We formalise the game by considering two distinguished players: MAX and MIN. The game tree is a tree such that each node represents a state of the game. Therefore the root note of the tree is the initial state of the game. Each arc of the tree represents a legal move in the game.
The way we analyse the situation is to consider MAX's best interests: MAX plays to maximise his/her chances of a win while MIN plays to minimise MAX's chance of winning.
The notion of lookahead is the idea that, at any state in the game, one of the players can develop the game tree to a limited extent. A lookahead of 3 from the current game state would mean developing the tree to a depth of three levels.

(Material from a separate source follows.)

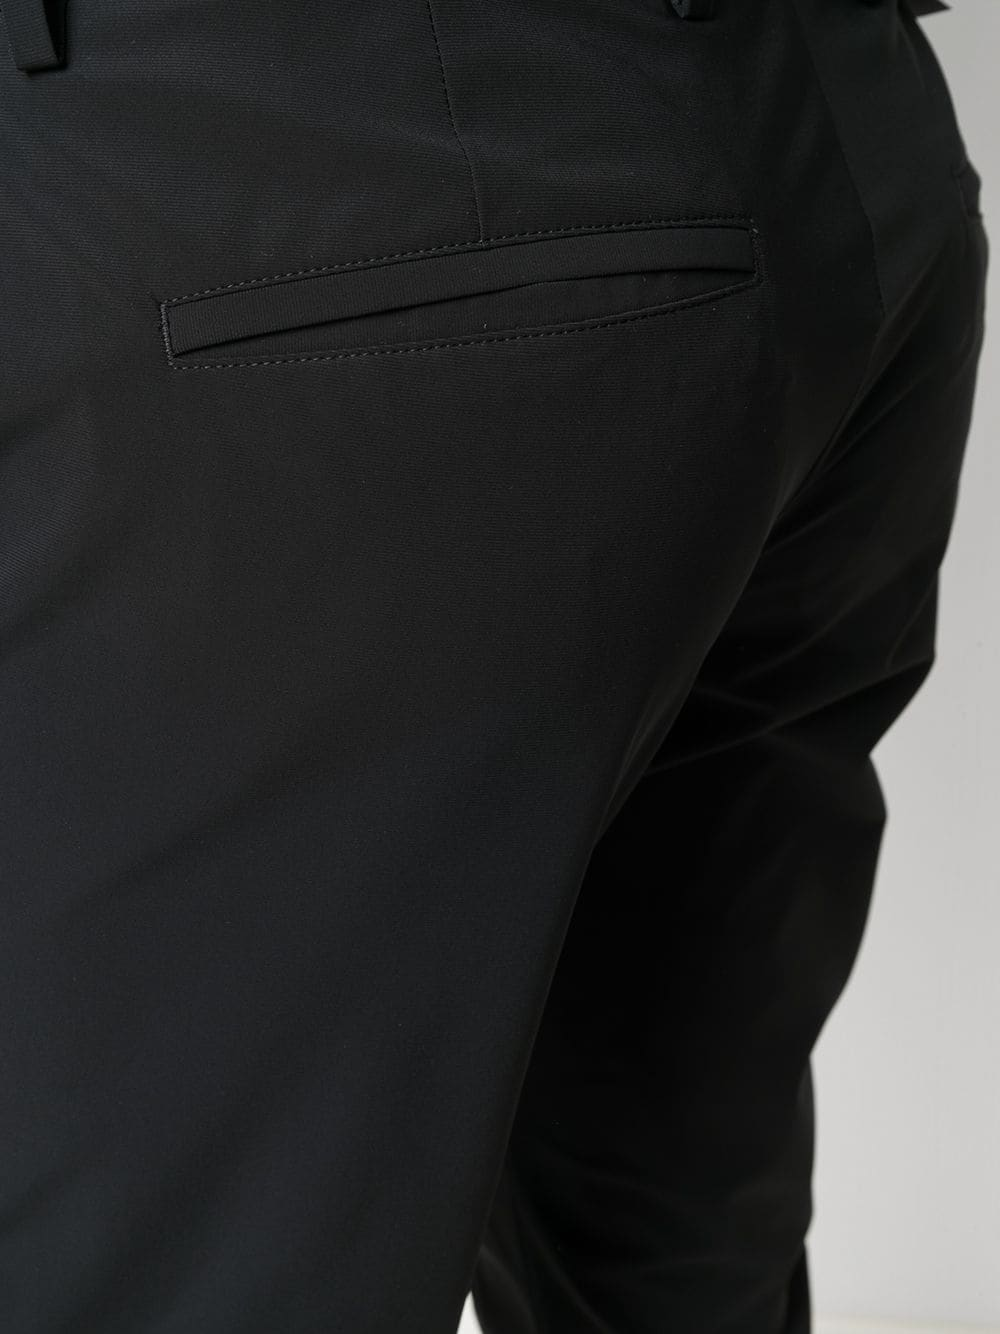 Pantaloni cropped neri slim fit con chiusura frontale nascosta PT01 | Pantaloni | COASEPZ10KLT-CV070990

The resulting cut-down game tree is termed the lookahead tree. The leaf nodes of the lookahead tree are termed terminal states.
The ``real'' value of a terminal state is unknown since we are not doing exhaustive search. Hence we need to utilise an evaluation function. This function is a numerical assessment of how good the game state (i.e. the state indicated by the terminal node) is for MAX. A positive score indicates a good position for MAX and a negative score a bad position. Non-terminal nodes represent intermediate game states.
The problem for MAX is to play such as to maximise his/her chances. A choice of moves has to be made to reach the most favourable of the current set of terminal nodes. How does MAX choose? An answer lies in the minimax technique.